There are many reasons to be worried about sugar consumption. It causes heart disease, stroke, diabetes, obesity and helps cancer grow. But none of these are as black and white as tooth decay. We can’t even muster the political will to do something about preventing a disease that everybody knows is caused by sugar. We’d rather just jack up taxes than attempt any kind of prevention. So we have no hope of doing something about short circuiting the real drivers of the health cost explosion (obesity, heart disease and diabetes).

We’ve got our faces so firmly pressed against his large grey buttocks, that we no longer have any chance of seeing the giant sugary elephant sitting in the room. Before we race to slap a tax band-aid on the most obvious sugar disease, let’s really do something about prevention rather than simply making agreeable noises and having more ‘conversations’ with the Australian people.

Also published in Crikey.

Join the discussion 2 Comments

  • Charles R. says:

    David,

    Love your stuff, and I almost completely agree with your stance on sugar (which I stopped eating in the 70s because of Sugar Blues and Sweet and Dangerous), but I’m not at all sure it causes tooth decay in and of itself.

    If you read Weston Price, it seems pretty clear that it’s a mineral deficiency that opens the teeth up to decay. It’s kind of like blaming all illness on germs. Yeah, the germs are a problem, but the stronger the immune system, the less the germs have an effect.

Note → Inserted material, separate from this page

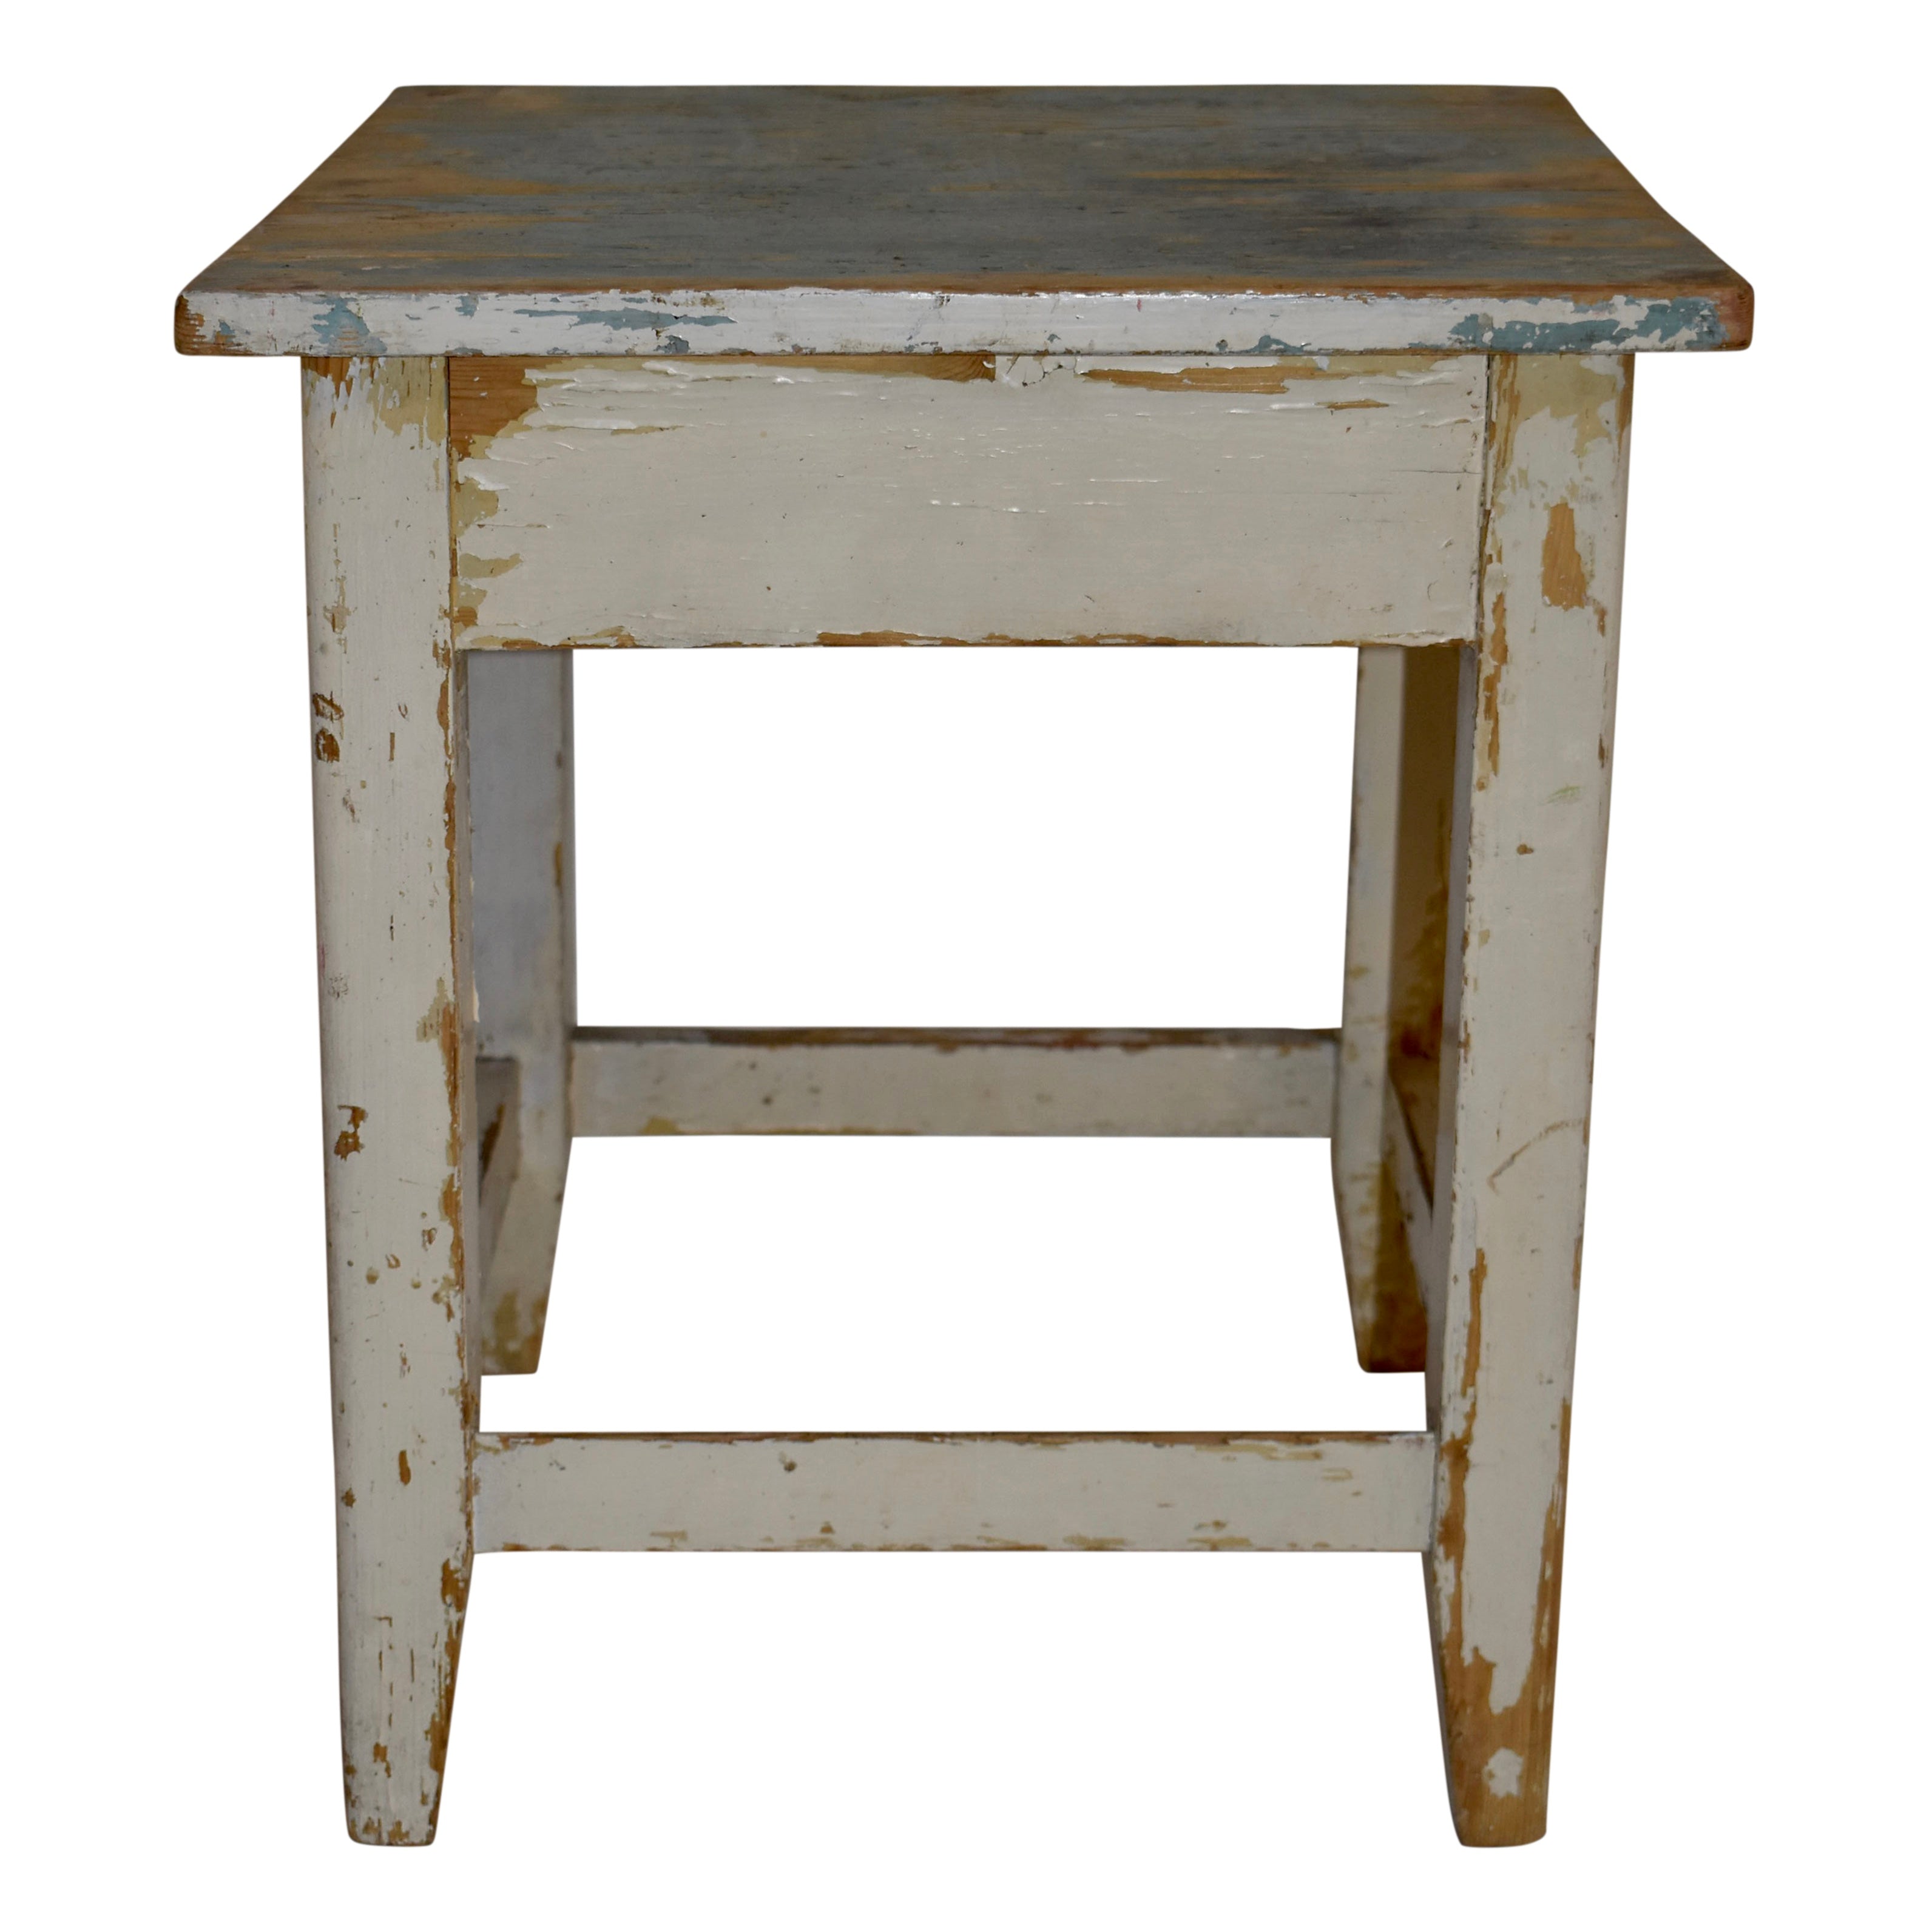 Painted Pine Stool with Drawer

    I’m pretty sure it’s the same way with teeth. If we’re mineral deficient, our teeth are less resistant to the bacteria that cause decay. Sugar plays a role, but I’m rather thinking that lack of good minerals in most peoples’ diets are making for weaker, more porous and less-resistant teeth.

    Anecdotally, I never had a cavity until I was in my 20s, and I ate tons of sugar and sweets growing up. But I also drank gallons of milk (phosphorus and calcium). I only got cavities after a long flirtation with a strict vegan/macroibiotic diet, when I stopped drinking milk and didn’t get nearly enough minerals. But I also stopped sugar entirely. Result: cavities for the first time in my life.

    Yes, the plural of anecdote isn’t data, but I think my experience, and Weston Price’s, is suggestive at least.